The remaining issue is medical expenses. None are awarded for treatment of the noncompensable January 31, 1992, injury. Becuase all the bills for treatment after that date involve treatment of the noncompensable injury, the respondent is not liable for them.

However, the applicant submits a bill of $511.89 from Baldwin Chiropractic Health Center, s. c., for treatment by Dr. Jacot from January 18 to 30, 1992. The bill has been paid by the applicant's health insurer, Blue Cross Blue Shield. Dr. Jacot was the applicant's second choice under sec. 102.42 (2), Stats., not the first as the applicant argues. The fact that the employer referred the applicant to the Ramsey Clinic did make the applicant's treatment there involuntary or not chosen (especially since he treated there in August 1991 for bronchitis unrelated to his work injury.) However, even though his treatment with Dr. Jacot was a second choice, the applicant needed only to provide notice to the employer of that choice under sec. 102.42 (2), Stats., and the commission has consistently held that advance notice is not required. Moreover, the respondent does not specifically contest payment for the treatment rendered by Dr. Jacot in its brief. The commission concludes the treatment was reasonable and necessary, and that Blue Cross Blue Shield is thus entitled to reimbursement for it.
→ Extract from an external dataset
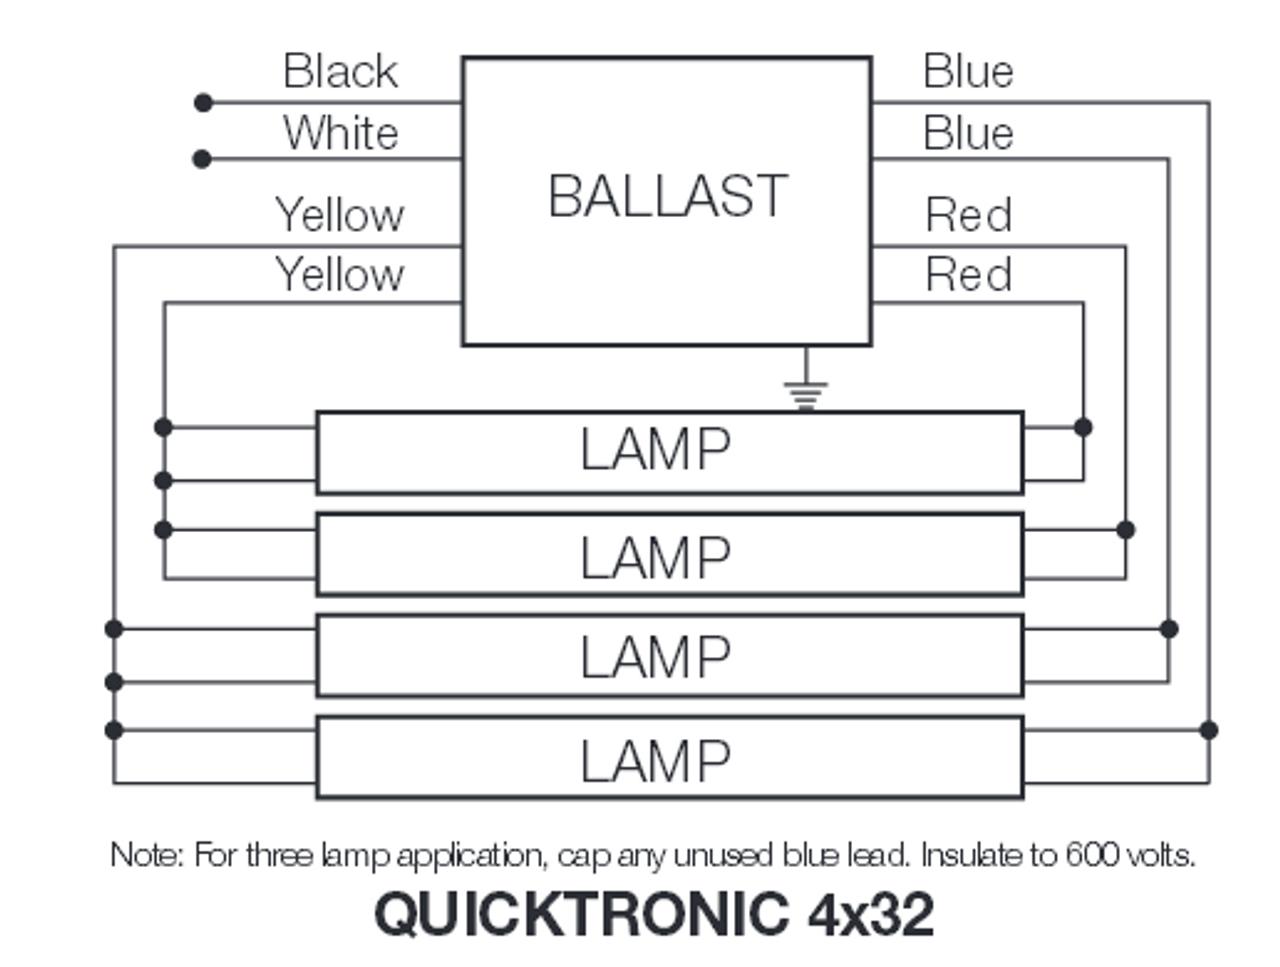 sylvania 49908 4 lamp ballast wiring diagram trusted wiring Philips Ballast Wiring Diagram sylvania 49908 4 lamp ballast wiring diagram wiring diagram libraries 4 light switch wiring diagram qtp4x32t8

Exhibit E also indicates that the applicant paid $48.60 for drugs prescribed by Dr. Folkestadt in December 1990. He is entitled to reimbursement for this expense. The only other bill for service rendered before January 31, 1992 is from the Ramsey Clinic in the amount of $70.00. However, the commission cannot tell what services this bill is associated with, so reimbursement of it is not ordered.

In sum, no benefits for additional permanent partial disability beyond that conceded are awarded. Medical expenses are awarded consistent with this decision. An interlocutory order is appropriate to preserve future claims with respect to indemnity under the vocational rehabilitation law, her loss of earning capacity claim, and future medical expenses.
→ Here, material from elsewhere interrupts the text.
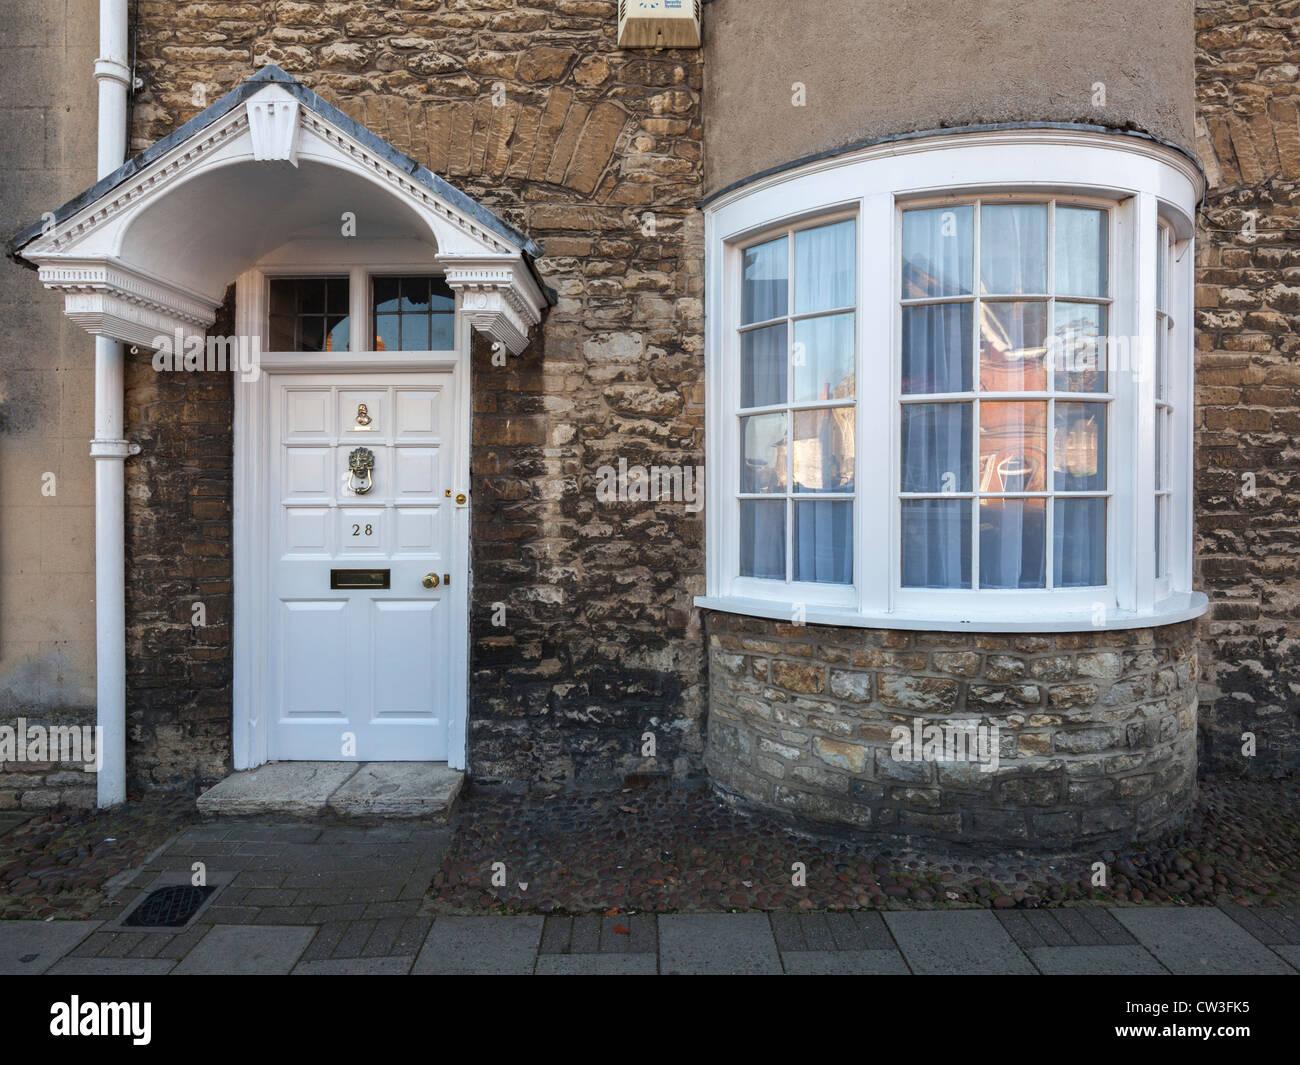 Cromwell's House, Woodstock - Stock Image

NOW, THEREFORE, the Labor and Industry Review Commission makes this


The decision of the administrative law judge is modified to conform to the foregoing and, as modified, is affirmed.
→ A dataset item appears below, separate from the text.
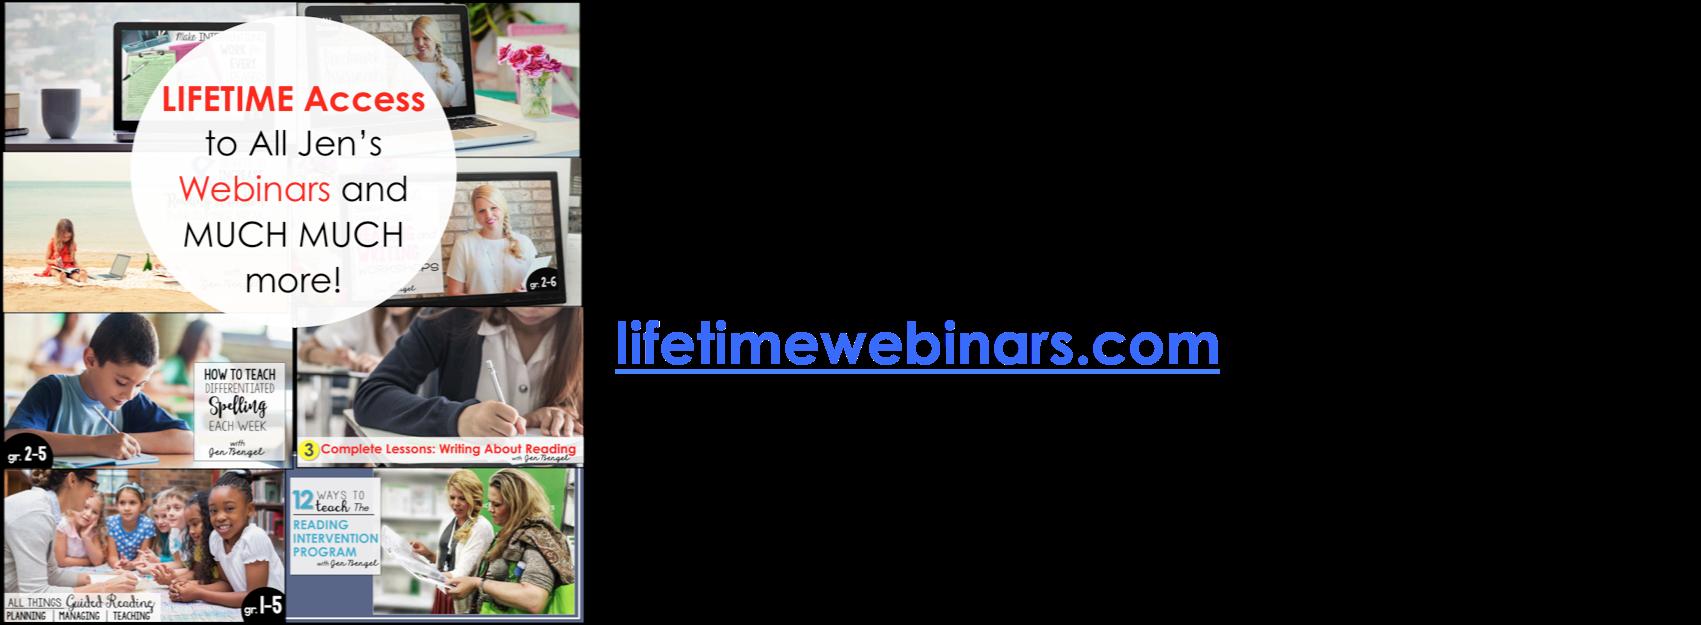 http://jenbengel.teachable.com/p/lifetime-webinar-access-from-jen-bengel

Within 30 days from the date of this decision, the employer and insurer shall pay, as reimbursement for medical treatment expenses, Forty-eight dollars and sixty cents ($48.60) to the applicant and Five hundred eleven dollars and sixty-nine cents ($511.69) to Blue Cross Blue Shield.

Jurisdiction is reserved to permit further hearings, findings and orders with respect to: indemnity during vocational rehabilitation under secs. 102.61 and 102.43 (5), Stats.; permanent partial partial disability for loss of earning capacity during the statute of limitations under sec. 102.44 (6), Stats.; and future medical treatment expenses under sec. 102.42, Stats.

Dated and mailed at Madison, WI, September 29, 1994
ND 3.38

Pamela I. Anderson, Chairman

Richard T. Kreul, Commissioner

James R. Meier, Commissioner



Appealed to Circuit Court, which affirmed.  Appealed to Court of Appeals; reversed and remanded sub nom. Todd E. Lange v.  LIRC, Ideal Door Company and Fireman's Fund Ins. Co. 215 Wis. 2d 561, 573 N.W.2d 856 (Ct. App., 1997).